This upstream PHP bug: http://bugs.php.net/bug.php?id=27421 describes an issue where setting mbstring.func_overload = 7 in a .htaccess file, causes that setting to be set globally for the webserver. This in turn breaks most unicode text operations, possibly hampering other sites hosted by the webserver.
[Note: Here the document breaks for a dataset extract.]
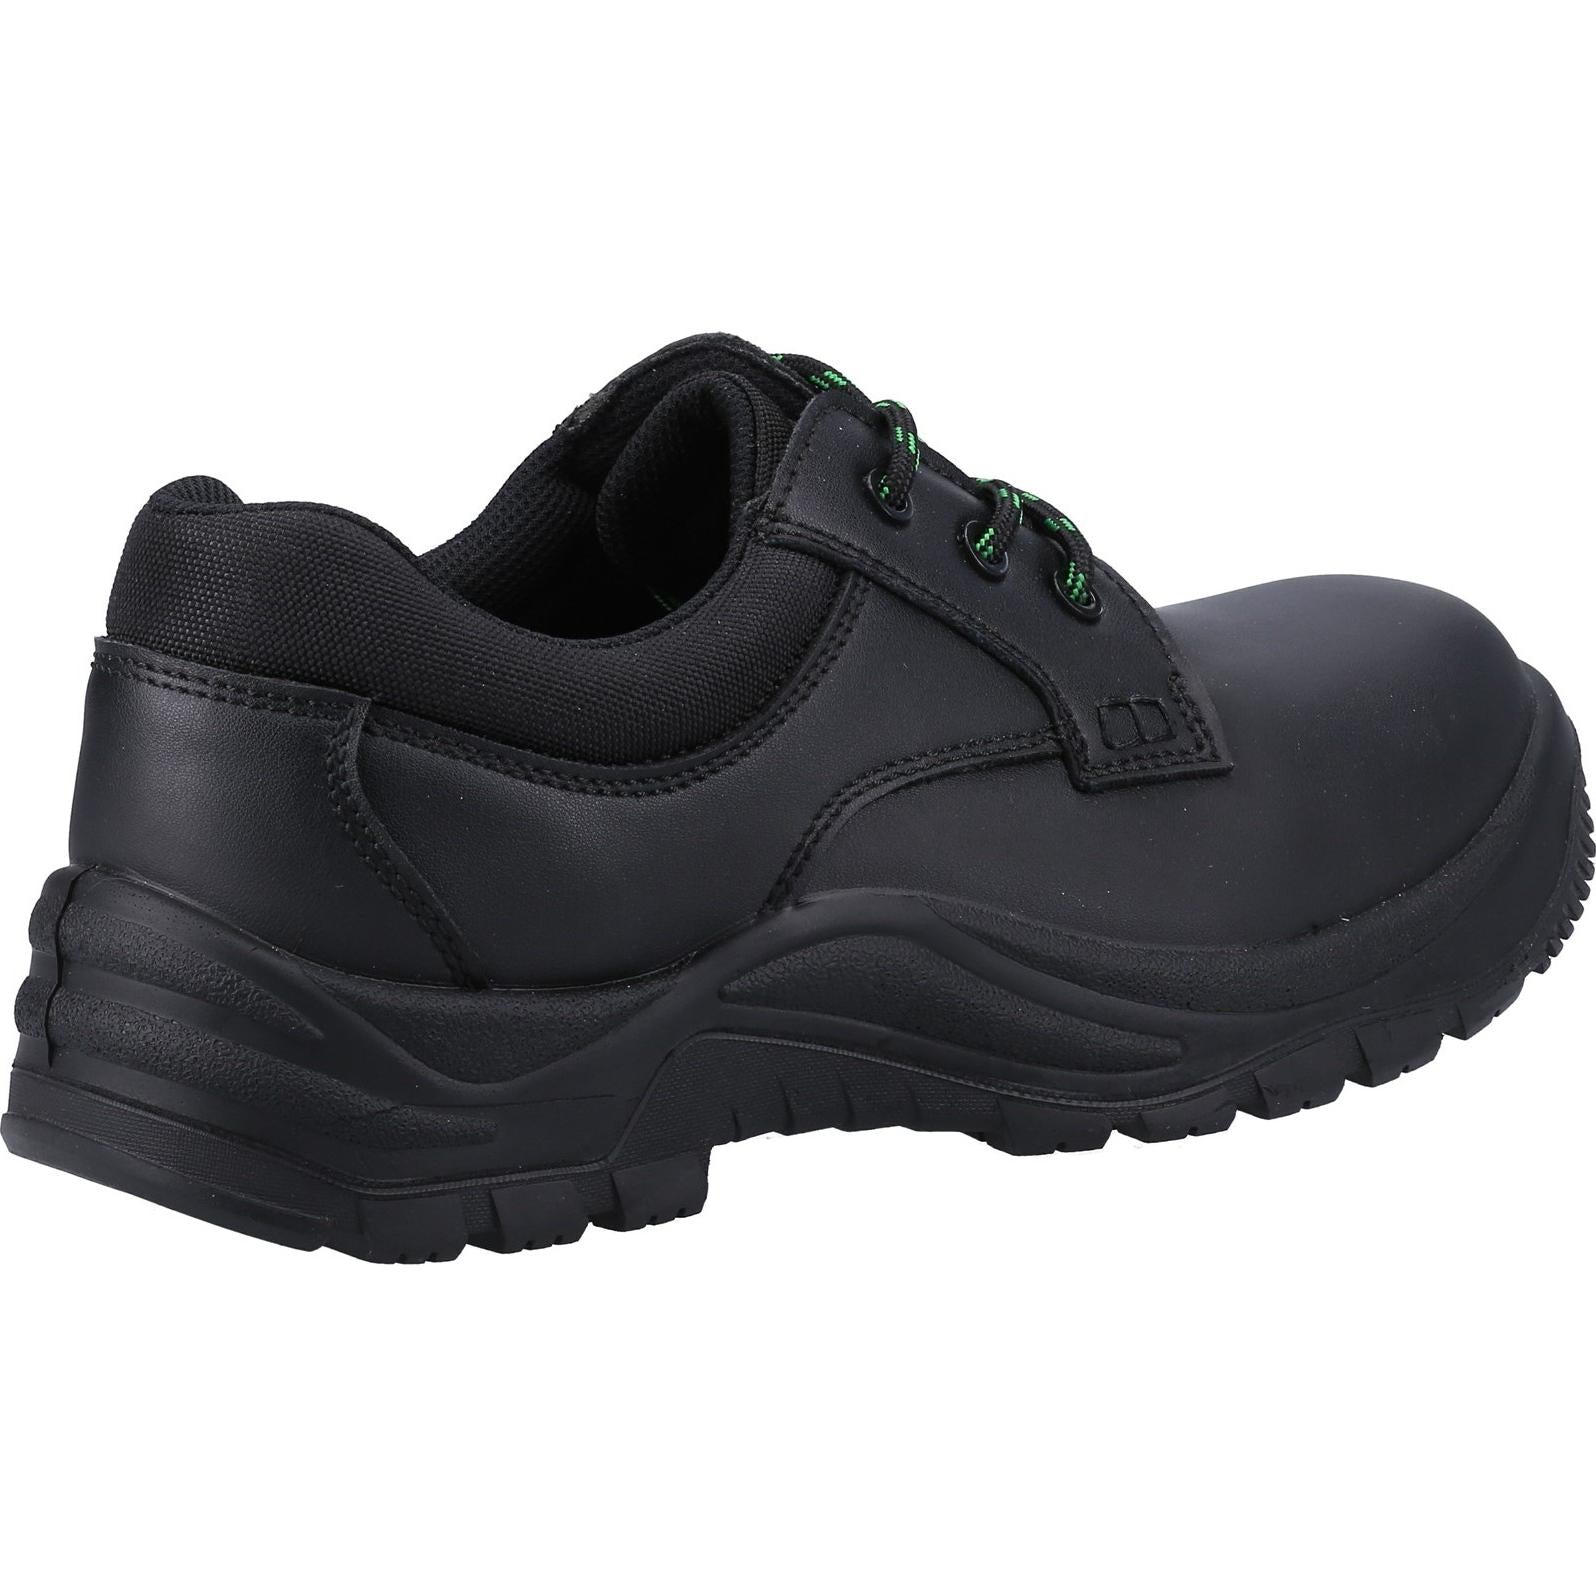 Amblers Safety 504 Shoes

Common Vulnerabilities and Exposures assigned an identifier CVE-2009-0754 to the following vulnerability: Name: CVE-2009-0754 URL: http://cve.mitre.org/cgi-bin/cvename.cgi?name=CVE-2009-0754 Assigned: 20090303 Reference: MLIST:[oss-security] 20090130 CVE Request - php (PHP BZ#27421) Reference: URL: http://www.openwall.com/lists/oss-security/2009/01/30/1 Reference: MLIST:[oss-security] 20090203 Re: CVE Request - php (PHP BZ#27421) Reference: URL: http://www.openwall.com/lists/oss-security/2009/02/03/3 Reference: MLIST:[oss-security] 20090225 Re: CVE Request - php (PHP BZ#27421) Reference: URL: http://www.openwall.com/lists/oss-security/2009/02/25/3 Reference: CONFIRM: http://bugs.php.net/bug.php?id=27421 PHP 4.4.4, 5.1.6, and other versions, when running on Apache, allows local users to modify behavior of other sites hosted on the same web server by modifying the mbstring.func_overload setting within .htaccess, which causes this setting to be applied to other virtual hosts on the same server.
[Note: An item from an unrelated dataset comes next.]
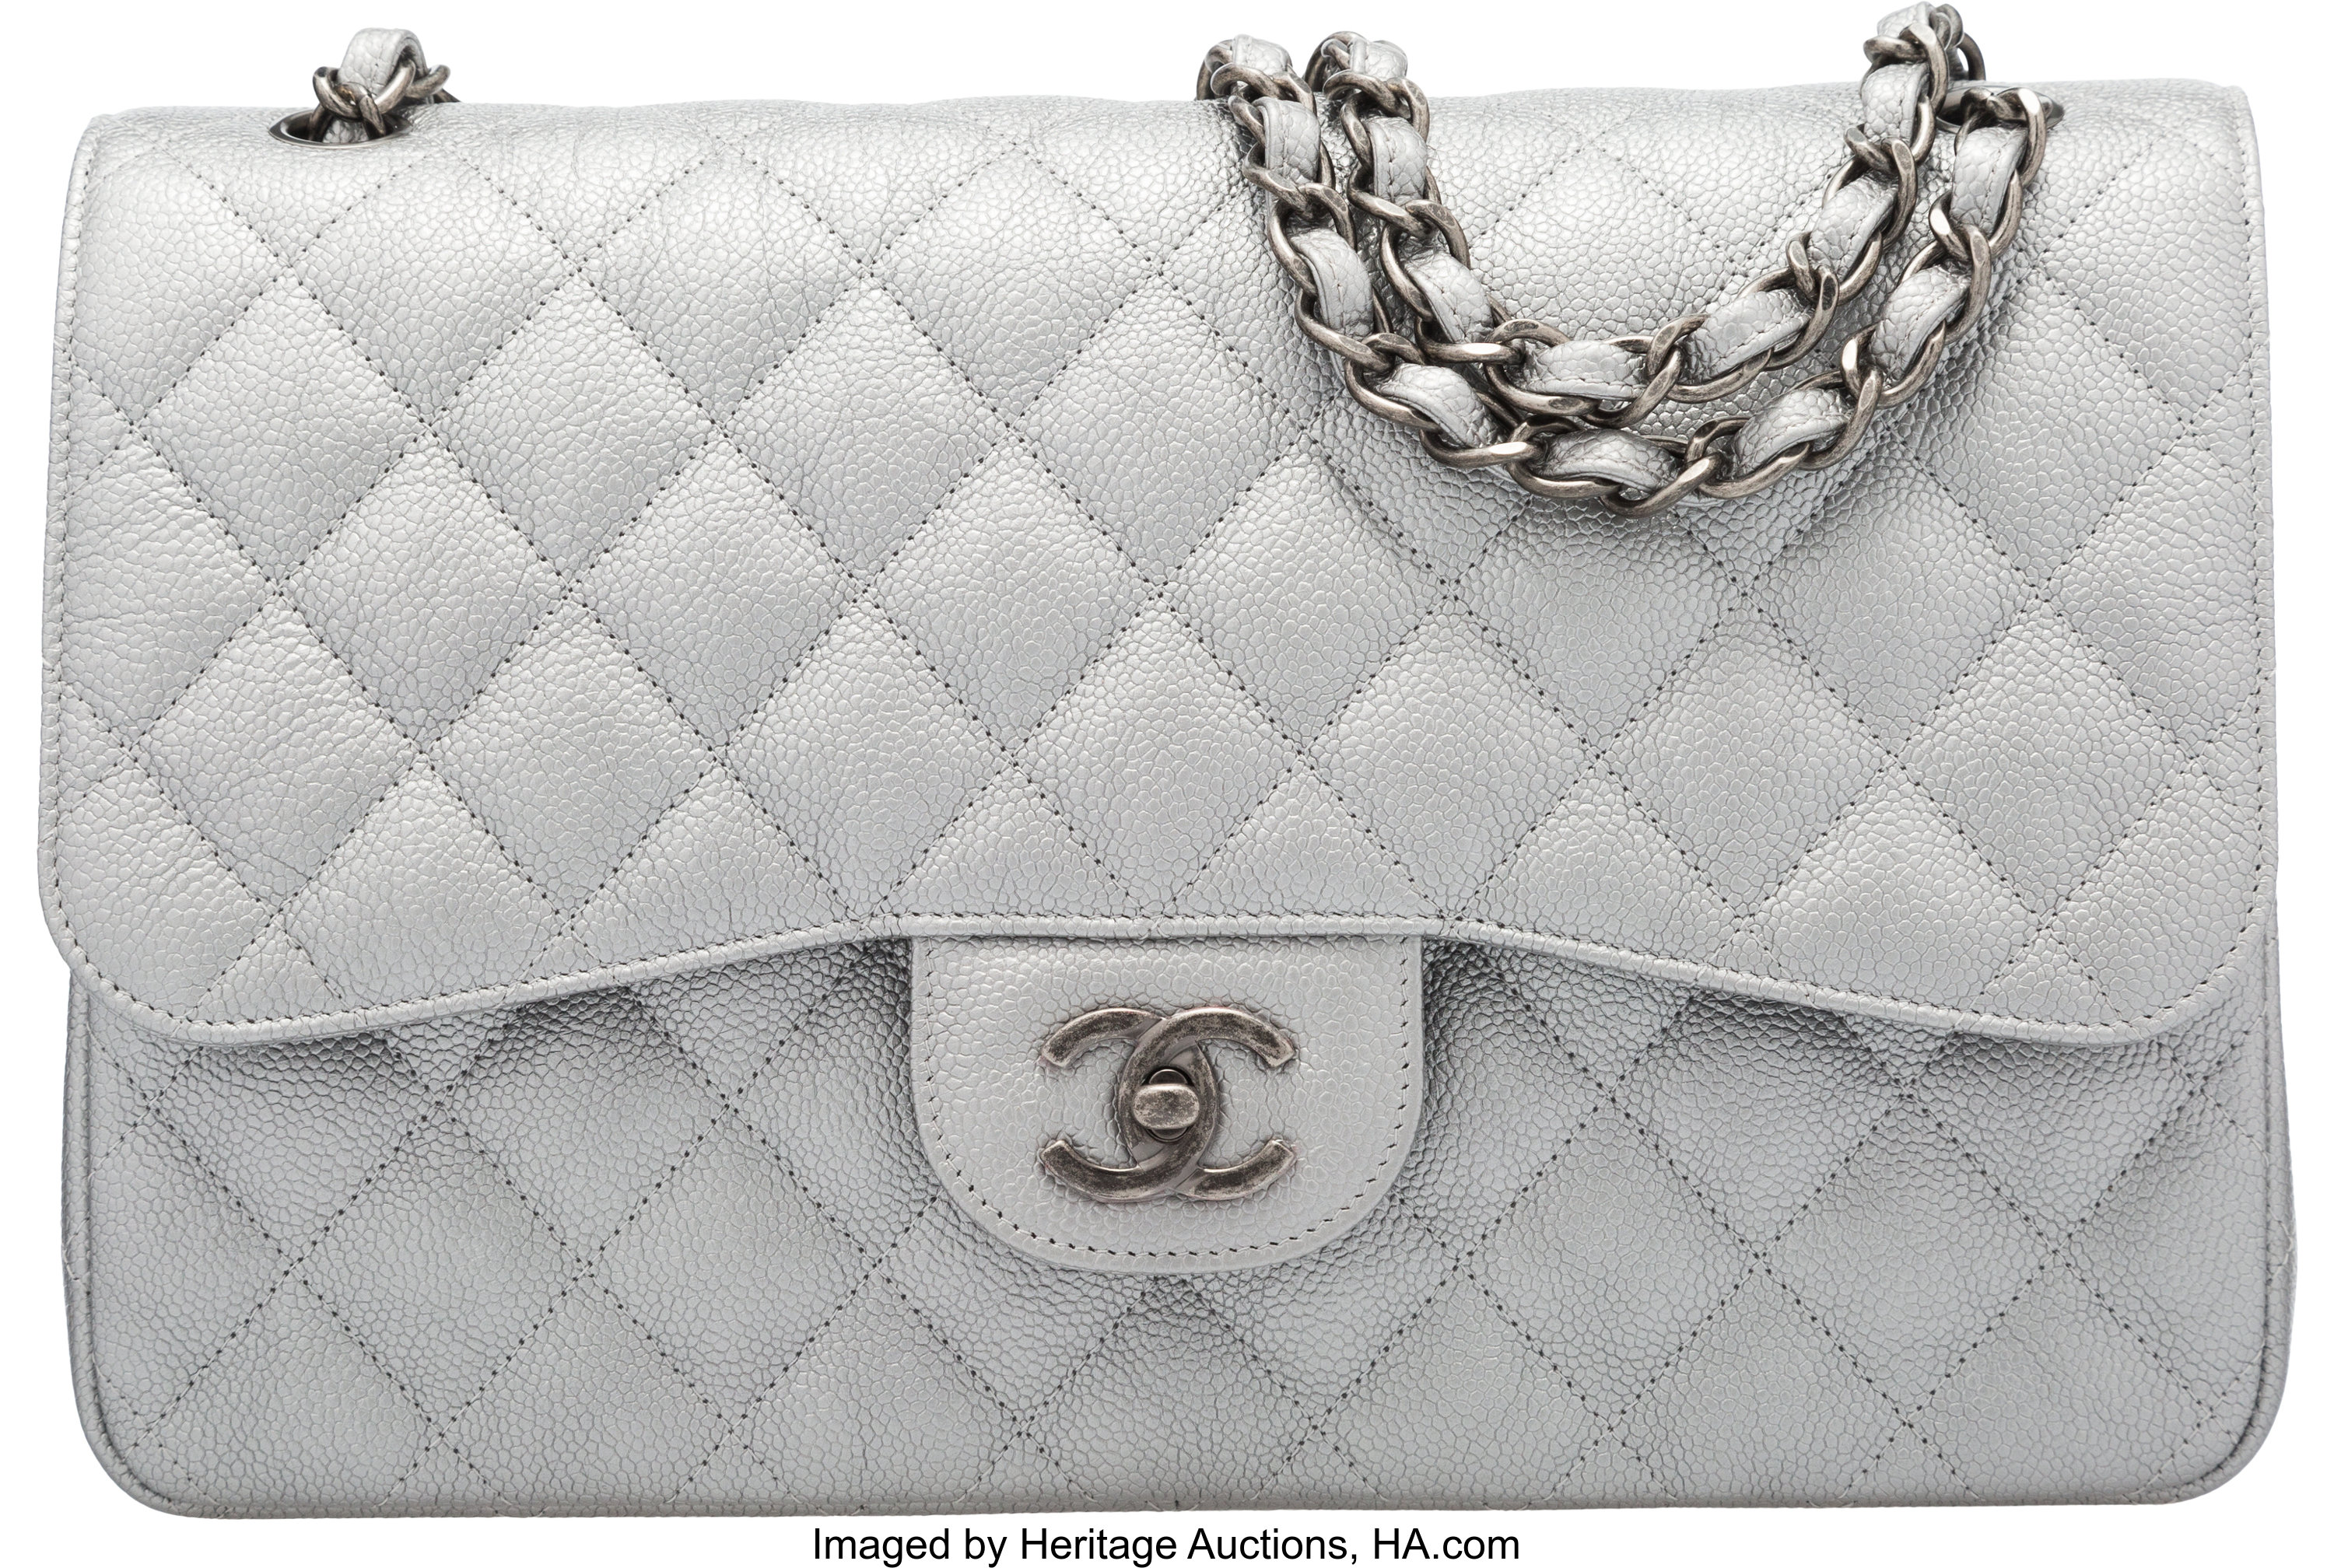 Chanel Silver Metallic Quilted Caviar Leather Double Flap Bag with

http://cvsweb.php.net/viewvc.cgi/php-src/ext/mbstring/mbstring.c?r1=1.276&r2=1.277
This issue has been addressed in following products: Red Hat Enterprise Linux 5 Via RHSA-2009:0338 https://rhn.redhat.com/errata/RHSA-2009-0338.html
This issue has been addressed in following products: Red Hat Enterprise Linux 3 Red Hat Enterprise Linux 4 Via RHSA-2009:0337 https://rhn.redhat.com/errata/RHSA-2009-0337.html
This issue has been addressed in following products: Red Hat Web Application Stack for RHEL 5 Via RHSA-2009:0350 https://rhn.redhat.com/errata/RHSA-2009-0350.html
(In reply to comment #5) > http://cvsweb.php.net/viewvc.cgi/php-src/ext/mbstring/mbstring.c?r1=1.276&r2=1.277 The patch first appears upstream in 5.2.7.
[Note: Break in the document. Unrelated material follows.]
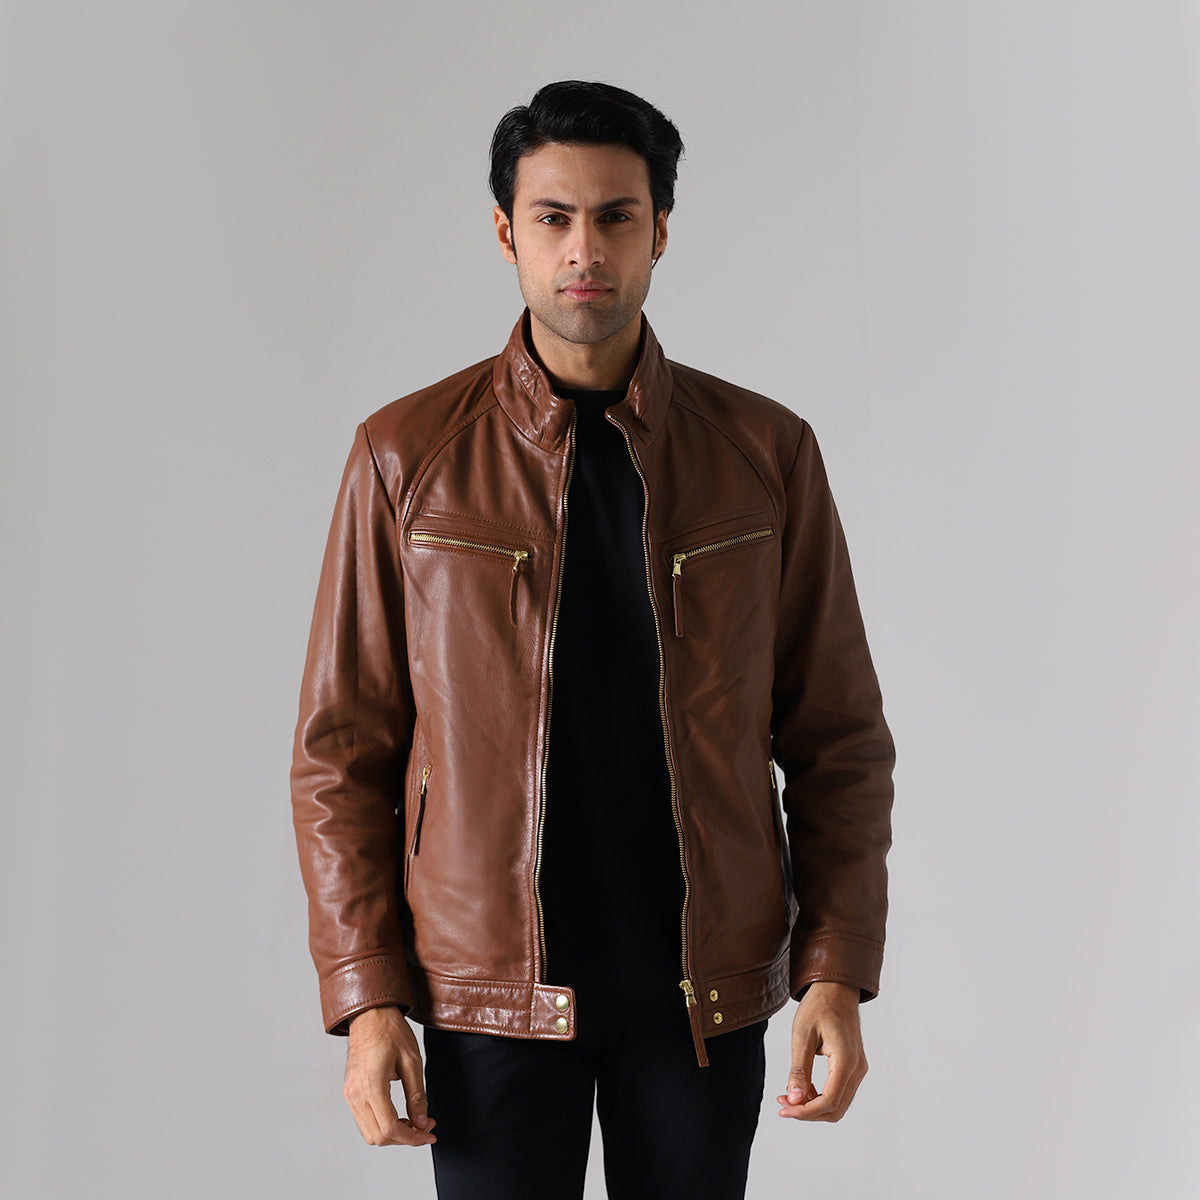 Mens Black Leather Jacket at 4000.00 INR in New Delhi | Leather House

maniadrive-1.2-13.fc10, php-5.2.9-2.fc10 has been pushed to the Fedora 10 stable repository. If problems still persist, please make note of it in this bug report.
maniadrive-1.2-13.fc9, php-5.2.9-2.fc9 has been pushed to the Fedora 9 stable repository. If problems still persist, please make note of it in this bug report.